Flying Turtles and the Spinning God of Real Estate.

Below, the soon-to-be iconic view from the 94th floor observation deck at the newly opened Shanghai World Financial Center, taken last night.

Full-access to the three observation decks is a pricey RMB 150 (more than the cost of a trip to the Empire State Building’s outdoor deck!), and perhaps – in recognition of that fact – the SWFC’s owners made the decision that they needed to offer a little something extra for visitors. Specifically: a two meter high mock-up of the SWFC that rotates 600 times per minute while flying turtles circle it in a darkened room …

That is to say, they decided to offer vistors Toshio Iwai’s “Tower of Light.” Below, a photo of this wonder taken from the SWFC Observatory Media Art brochure available to visitors:

Now, I wouldn’t bother blogging about this particular artwork but for the fact that it is an involuntary part of any SWFC observation deck visit. Want to see the view? First, you must watch the Tower of Light spin for five minutes.

The drill goes like this. After purchasing tickets visitors are ushered into a waiting room where they wait behind stanchions for their opportunity to ride the “Light Speed Elevator” to the 94th floor. However, when the moment finally arrives (the lines are long), they are instead led through a door marked “Pre-Show,” and into a round, black room, dimly lit, roughly the size of a king-sized prison cell. And at the center of the room is a glass tube that contains a two-meter high mock-up of the SWFC.

The doors are closed, the lights dim … and the SWFC begins to spin under purple light. As a B-grade sci-fi soundtrack plays, the glass tube turns purple and the SWFC begins to glow. And then a flock of flying turtles begins to fly in circles around it. For five minutes. And you can’t leave.

I’m not sure why nobody was bowing down to the thing, but surely I wasn’t the only person in the room who felt the sudden need to pay proper respects to the glowing, spinning God of Shanghai Real Estate. I’d be shocked if, during its first week of operation, somebody didn’t throw coins at it.

Anyway, at the conclusion of the black mass show, the doors are opened and visitors are ushered into the Light Speed Elevators.

[Note: In my experience, photos aren’t allowed inside of most of the world’s great sacred spaces. So, appropriately, they aren’t allowed inside of Tower of Light.]


  1. Respected artist or not, after waiting in line for two hours, through four trailing queues, to be led into a room thinking it is the elevator, having the lights switched off, and forced to watch this ugly monstrosity, most people felt nauseated and turned away! Then on to the elevator to the 94th floor , where another one hour queue awaits those wishing to go to the 97th floor, I’m not sure what comes next We quit and returned to ground zero 300 rmb and 4hrs wasted. Did anybody mention the seating arrangements, not a single chair or ledge to sit on in the building! Security arrangements are a farce, everyone walks through a body scanner, but it just bleeps away to its hearts content. Should an emergency occur the place is a horrendous death trap.

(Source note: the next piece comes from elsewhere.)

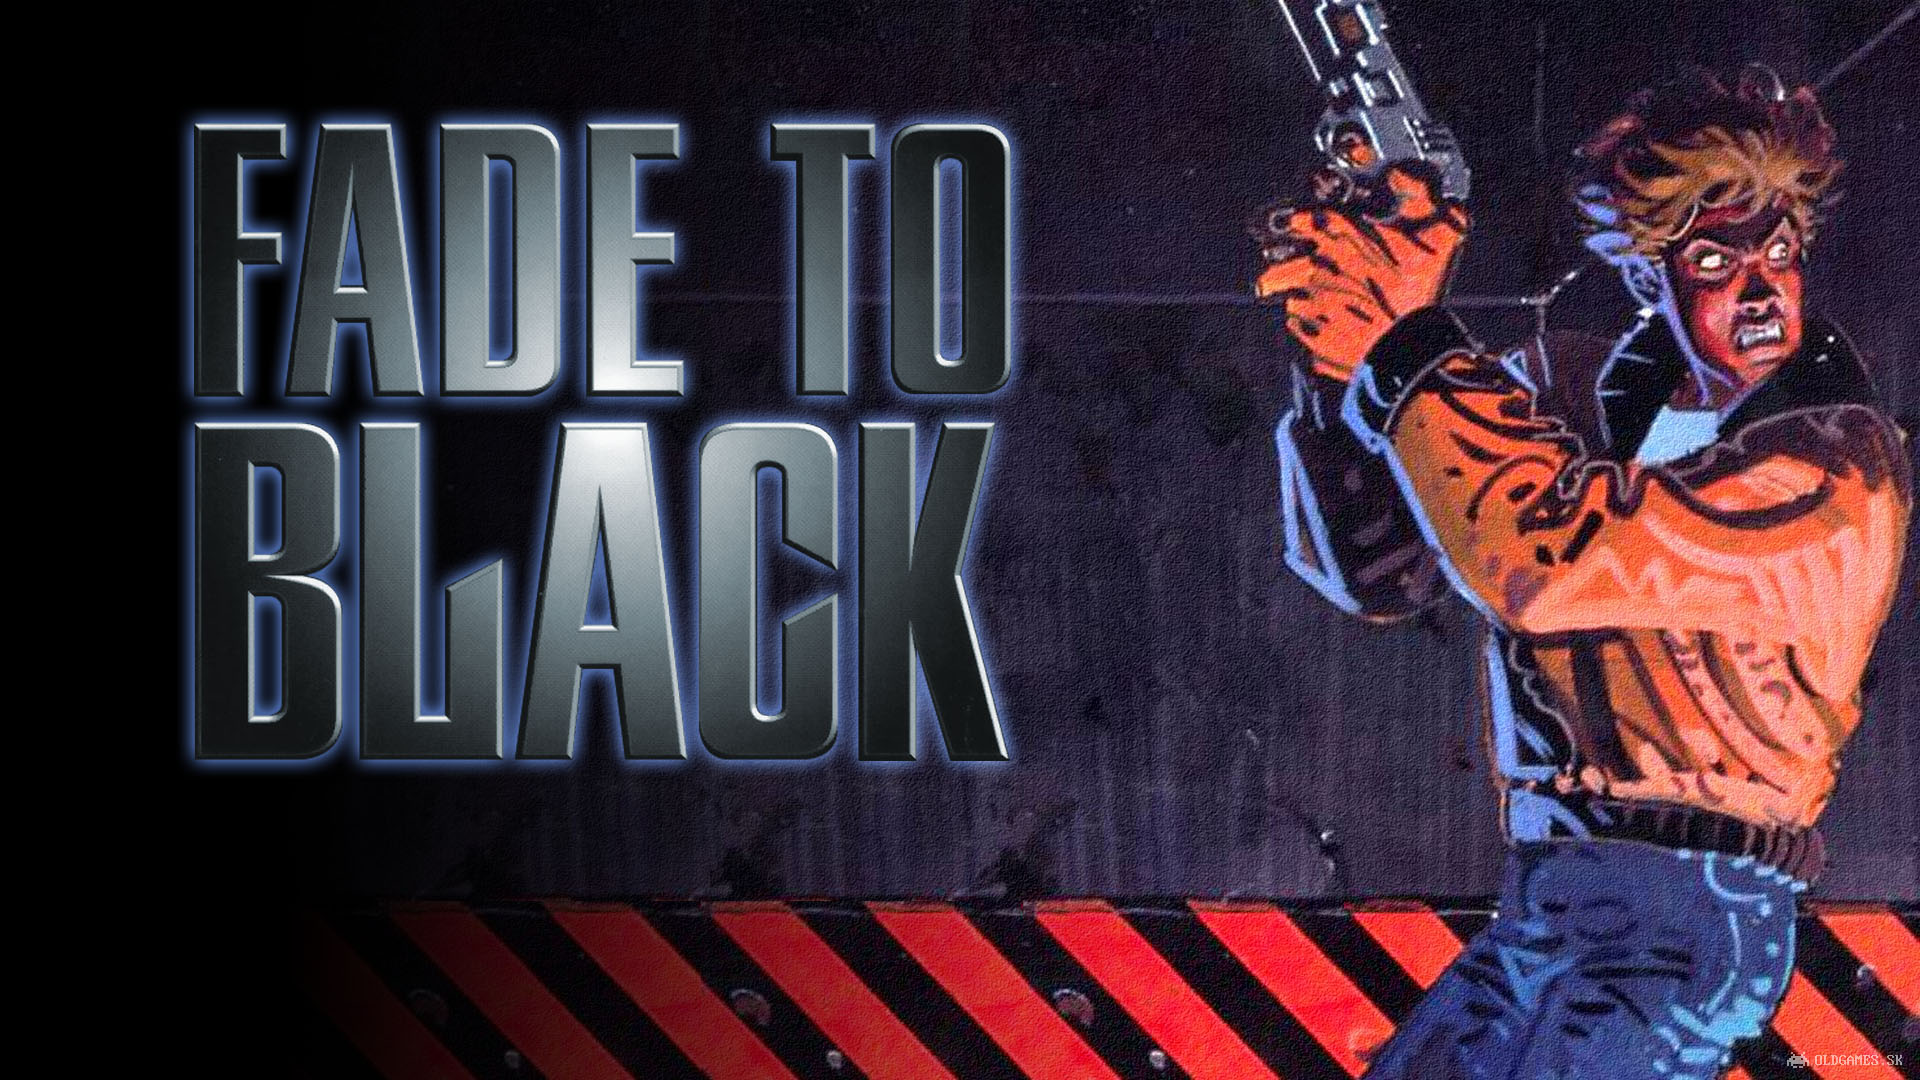 download fade to black remastered

  2. Alan – Yes, yes, and yes! The only reason that I didn’t include pictures from the 97th and 100th floors is because I didn’t have the patience to wait in line to go up to there to take them. A debacle verging on an outright scam!

  3. You didn’t go up! Well I was pretty awesome or I must say “The experience of a life time” On top of that, looking down from the 100th floor and seeing 2 guys cleaning the top of the 97th floor was such a trip!

  4. I lined up for two hours to visit the most expensive high-building experience of my life yesterday and, were it not for the levity of Iwai’s media-art contribution, the Death Star aesthetic of the SWFC Observatory might otherwise have sent me out the window of the 97th floor! Compared to the paranoid and kafkaesque (and expensive) experience of the post-2001 Empire State Building (security checks, surveillance, armed security guards), I found the presence of art to ease the monotonous wait for elevators to be welcome. I would also like to add a word for the army of gracious, white-gloved attendants, who helpfully point-out the painfully obvious with sweeping hand gestures and a chorus of “this way please”, indicating the one, and only door, elevator or escalator in sight. Hilarious! BTW, they added some swank benches to the 94th floor for your seating pleasure.

  5. Great article – thanks for letting us know to avoid this scam. At some point we are going to write an article and make a video that goes into the details of how to best avoid travel scams such as this. Again great article.